Their images and those of others grace the 170 pages of the magazine which goes on sale next week in Italy and abroad.

Still, while American voters may be ready for a black president, are magazine buyers in Italy, or elsewhere for that matter, drawn, to pictures of non-white models?

British-born Campbell, a former girlfriend of Italian Formula One manager Flavio Briatore, enjoys diva-like status in Italy, but in Milan as in New York, London and Paris, black models a rarely seen on the catwalk. They are rarer still on magazine covers.

A long-held view in marketing circles is that advertising agency clients are reluctant to associate their products with non-white models for fear of alienating affluent consumers in the West.

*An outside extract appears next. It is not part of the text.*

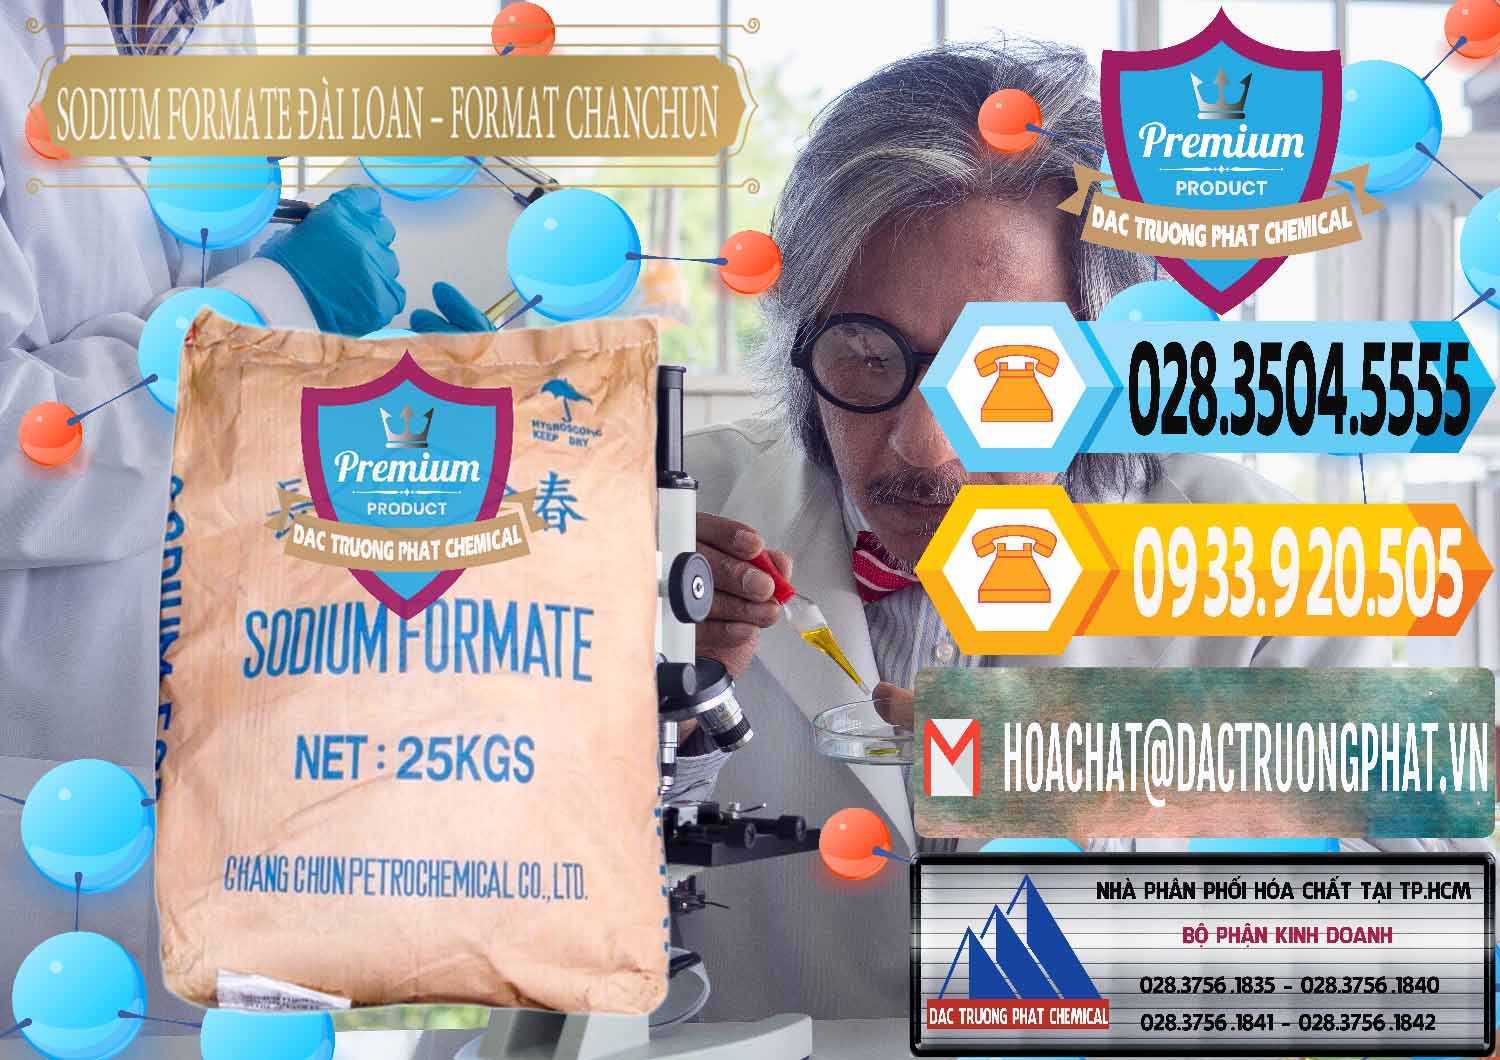 Chuyên bán - cung ứng Sodium Formate - Natri Format Đài Loan Taiwan - 0141 - Công ty phân phối _ nhập khẩu hóa chất tại TP.HCM - hoachattayrua.net
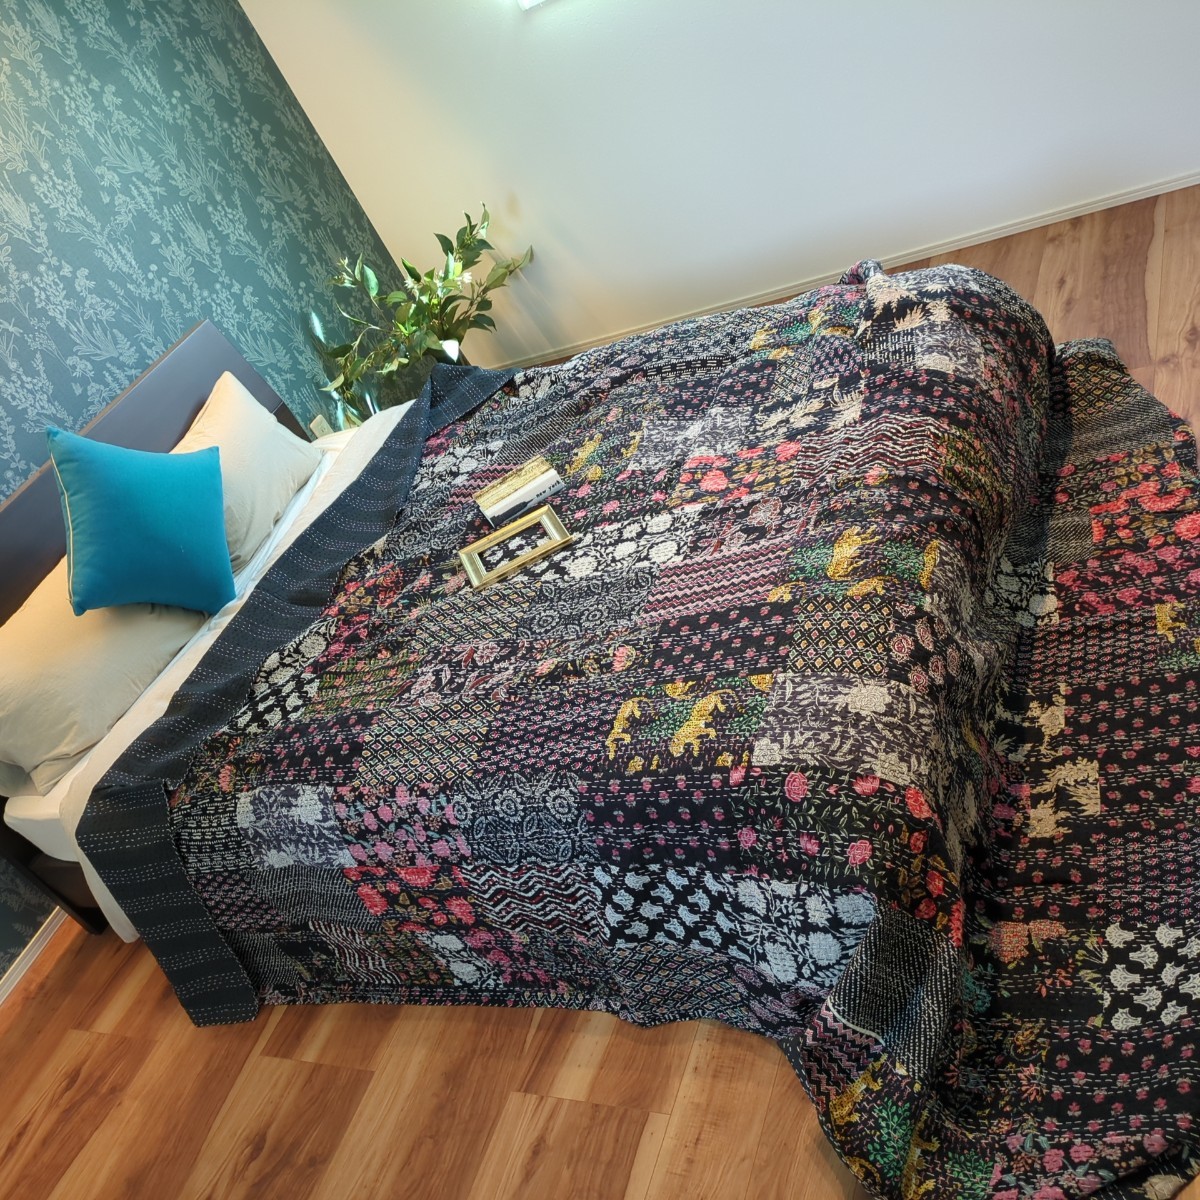 78 대형 칸타 퀼트 수제 블록 프린트 침대보 소파 커버 우아한 멀티 커버 패치워크 블랙, 수제 작품, 침구, 침대 덮개, 시트

Campbell has been vocal in claiming that black models face growing discrimination.

In 2007 she repeatedly accused the British edition of Vogue of subscribing to the view that non-white models don't sell, and revealed that she made the cover of French Vogue, only after the late designer Yves Saint Laurent had threatened to break off relations with the magazine unless it featured her.

"A precise choice like this one always has its risks," Sozzano told dpa of her decision to publish Vogue Italia's "all-black" issue.

"People can like it or they can hate it. I personally think they will like it ... Obama's 'wave' has also been felt over here.", dpa reported.